**Problem description**
The records are set out below this line. Return exactly the lines from the one containing "Photo de nuit, le" through the last, and exclude the pictures.

[Stored dataset items]
"""
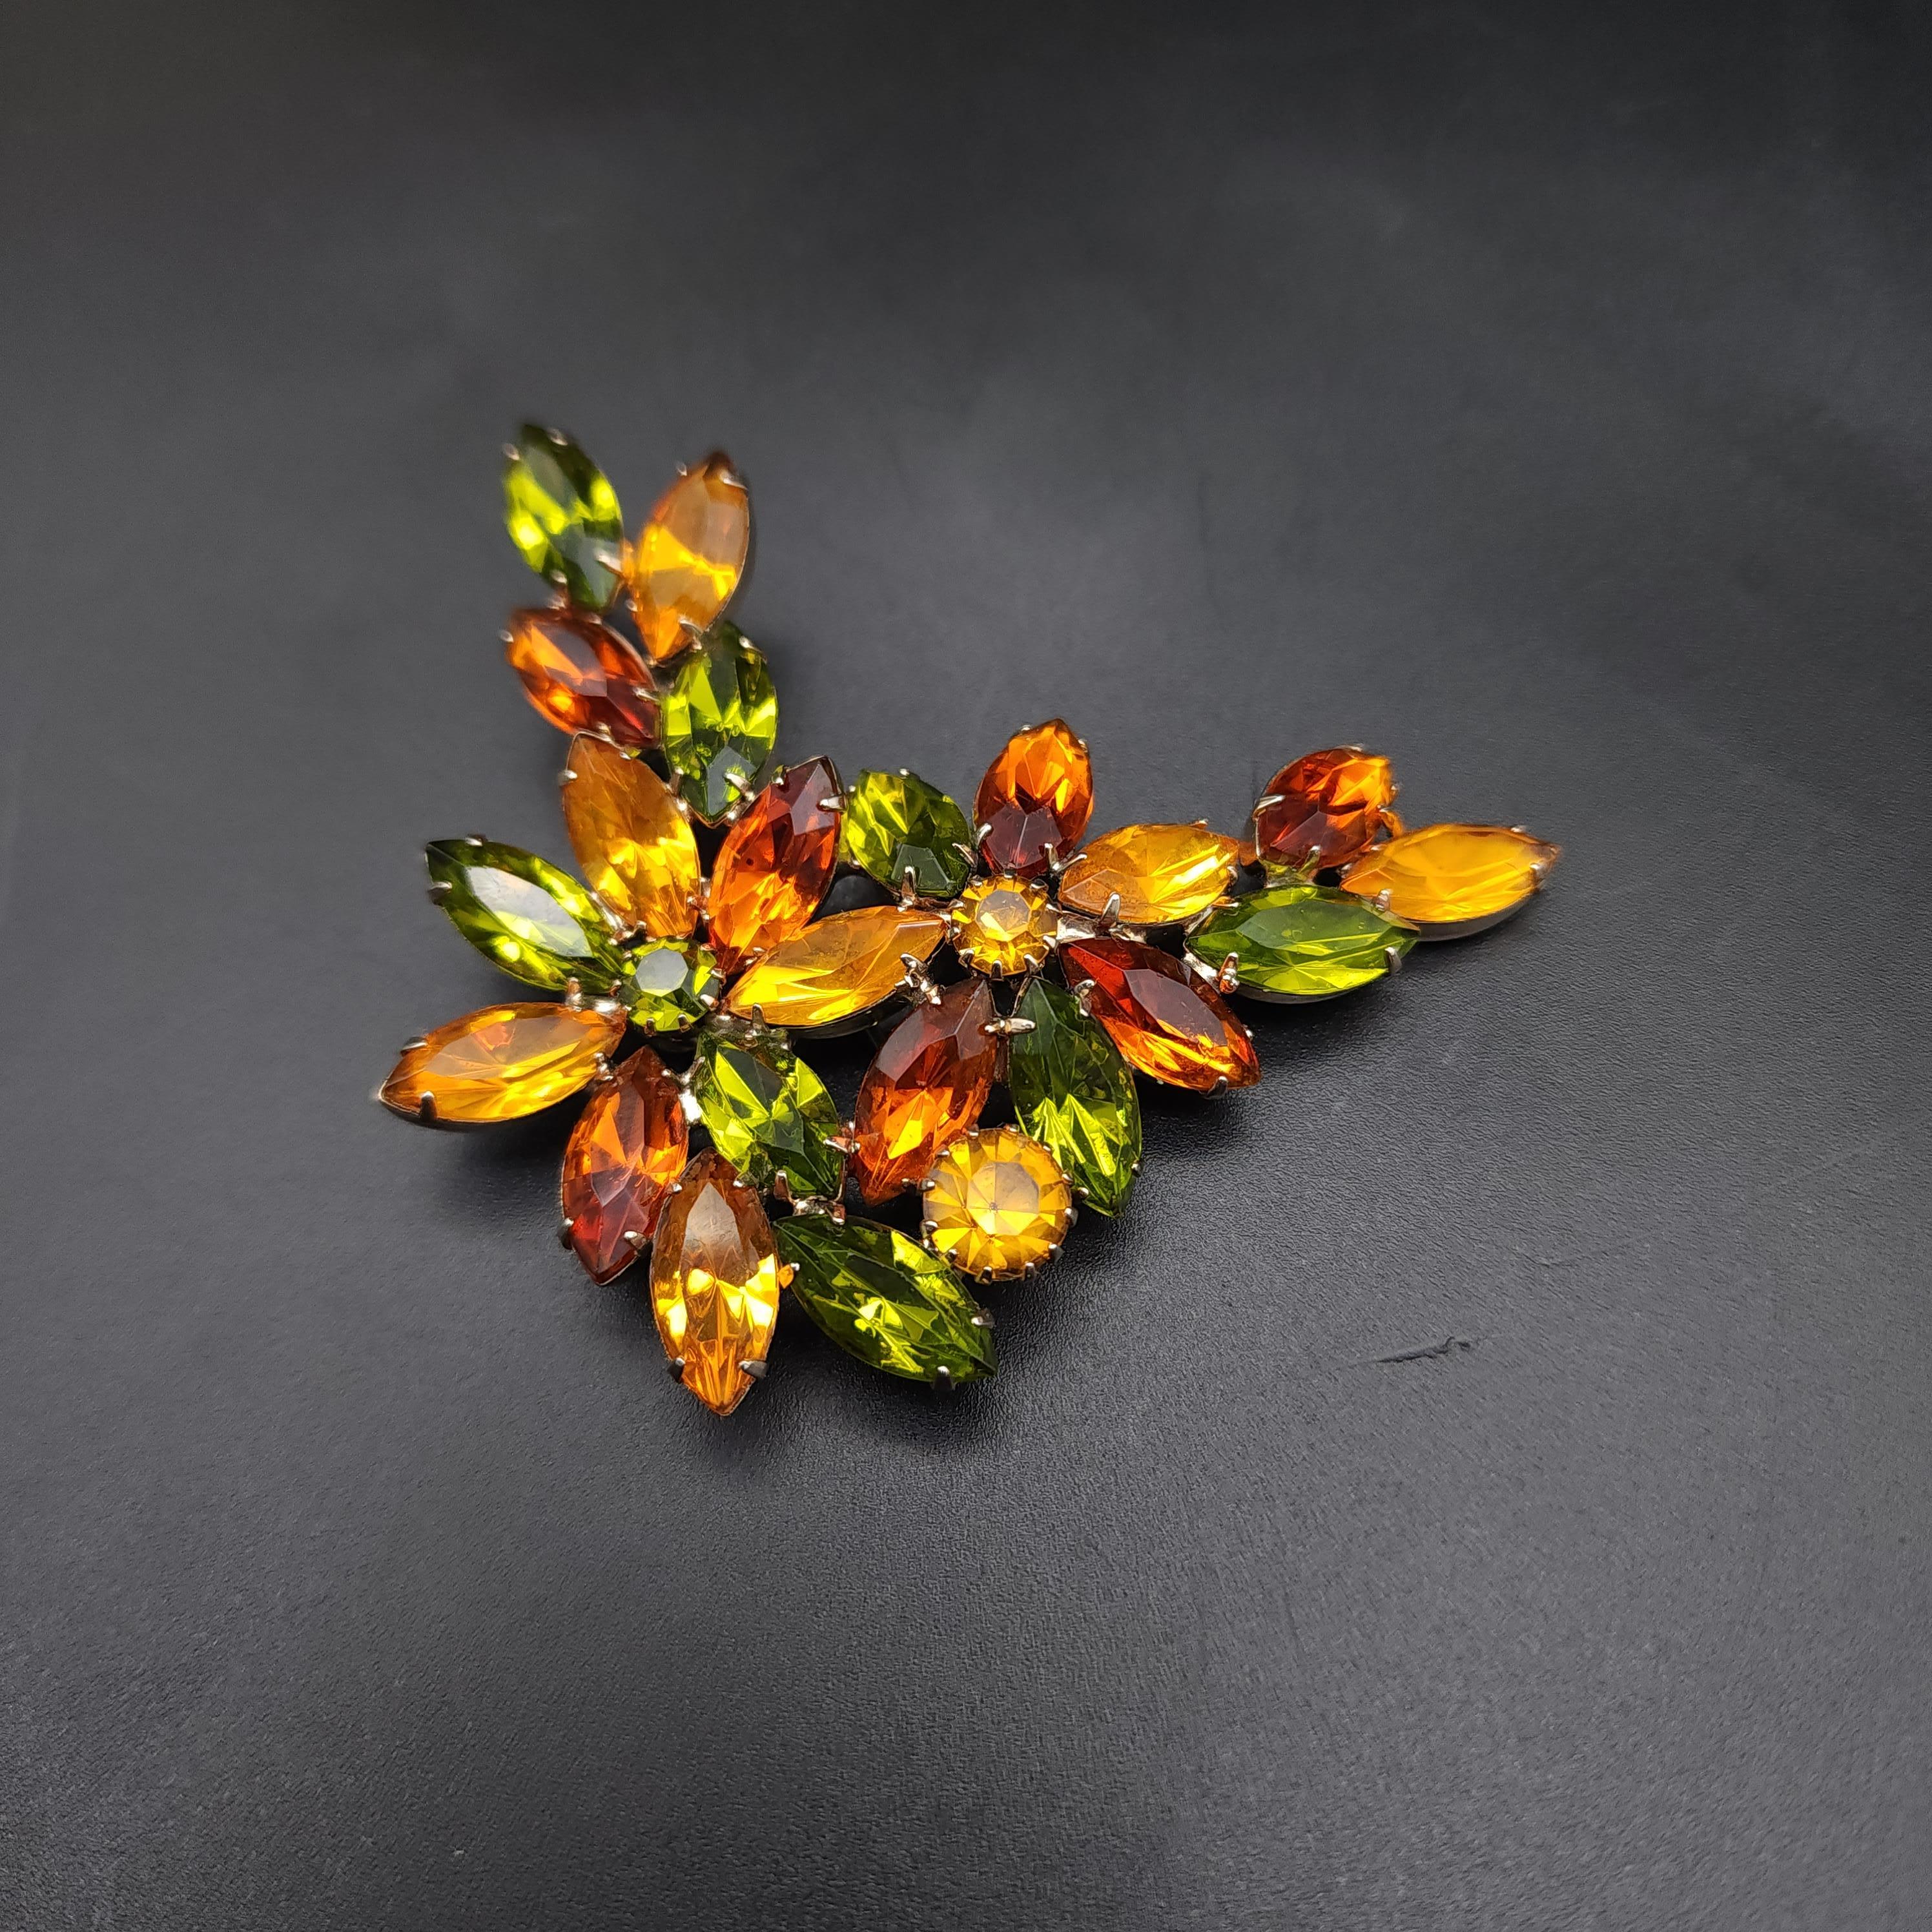 Größe: 3 x 2,75 Zoll
Glas-Kristalle
Hellgoldfarbene Metallfassung

Entdecken Sie den Retro-Charme dieser floralen Brosche im Vintage-Stil, die mit einer funkelnden Gruppe von Kristallen im Marquise- und Rundschliff besetzt ist. Die Brosche ist in
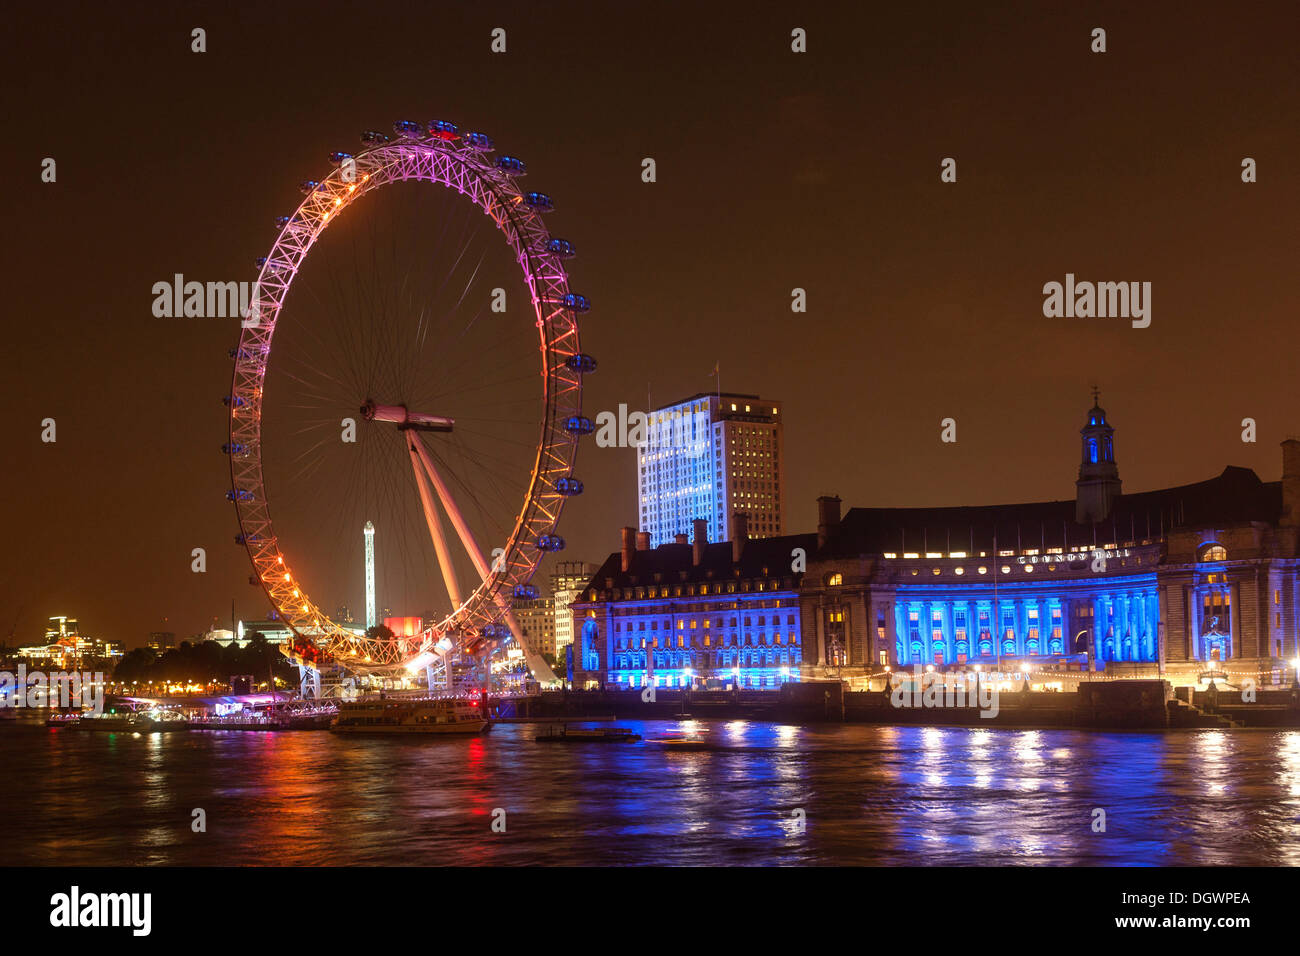 Photo de nuit, le London Eye en voyant orange, le County Hall en lumière bleue, Tamise, Londres, Angleterre, Royaume-Uni, Europe Banque D'Images
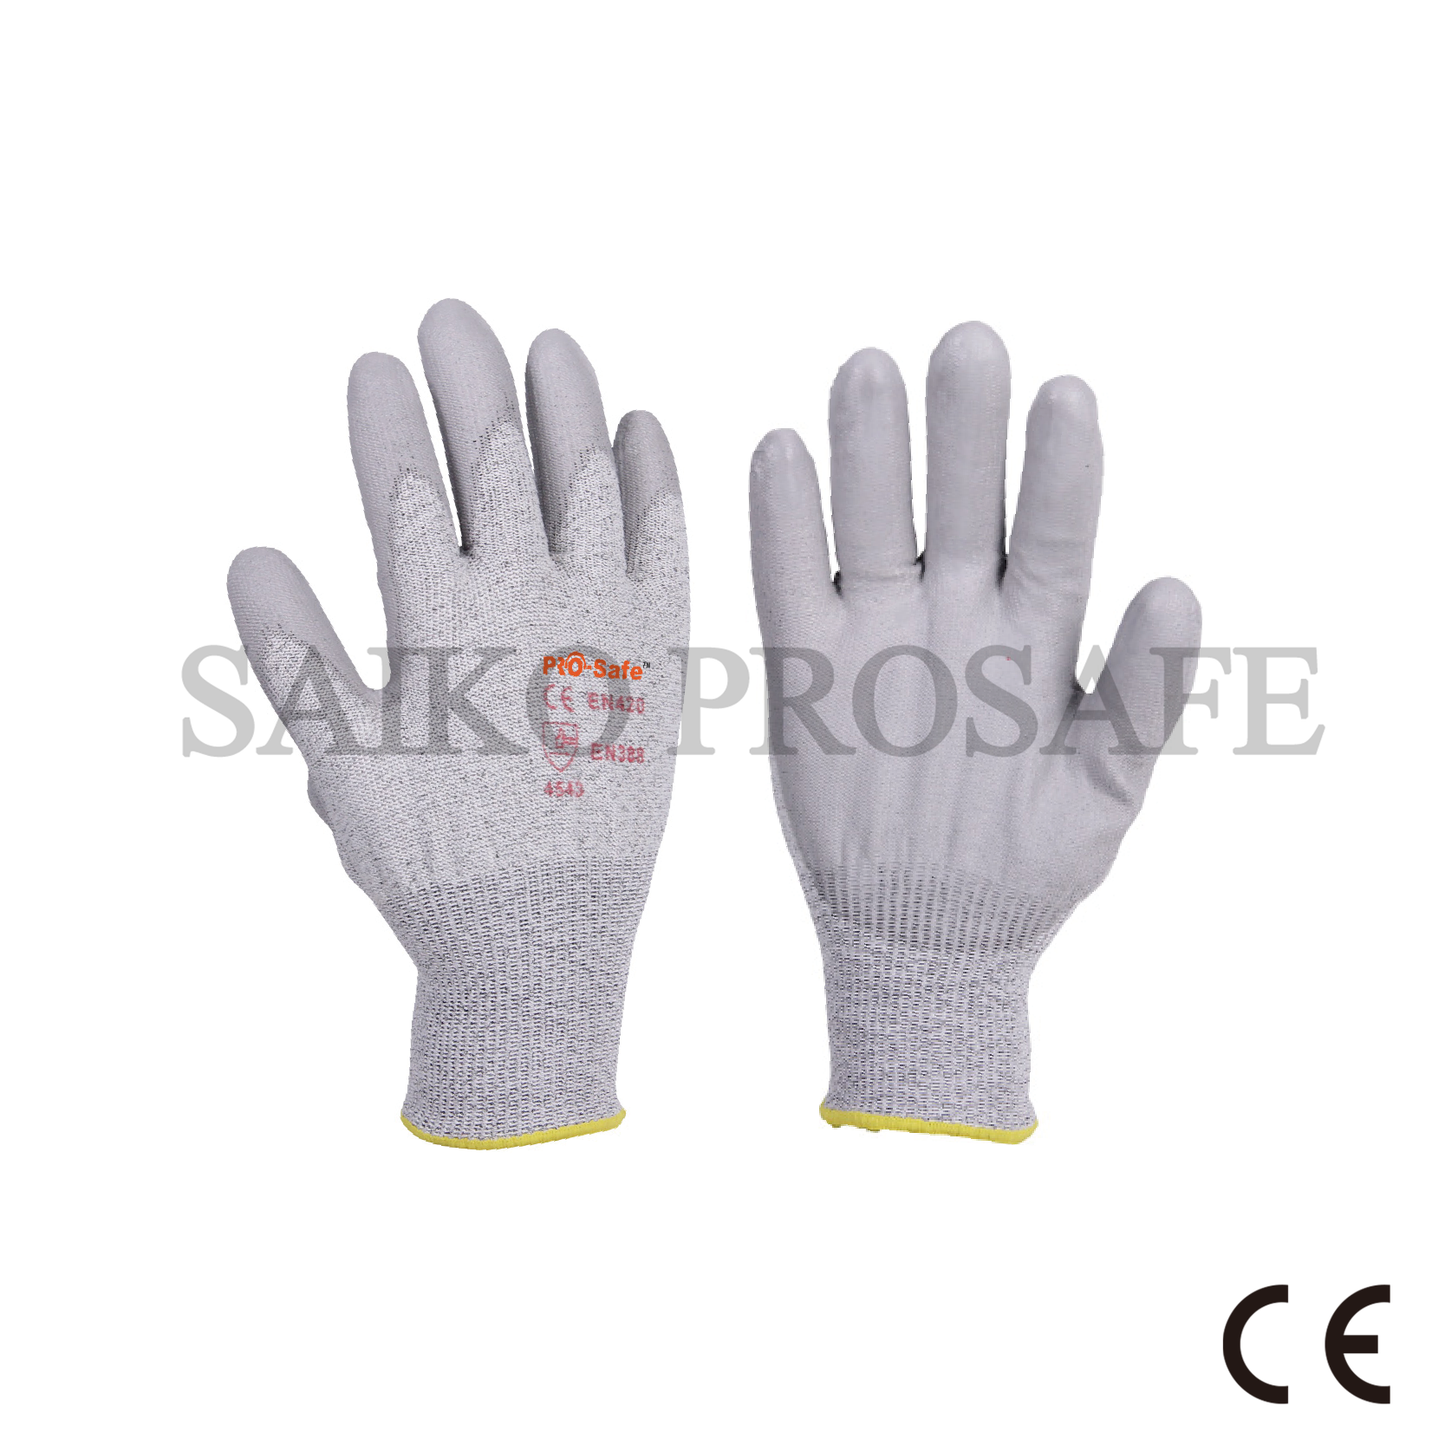 Anticut work gloves KM1509300
"""
**Your response**
 Photo de nuit, le London Eye en voyant orange, le County Hall en lumière bleue, Tamise, Londres, Angleterre, Royaume-Uni, Europe Banque D'Images
 Anticut work gloves KM1509300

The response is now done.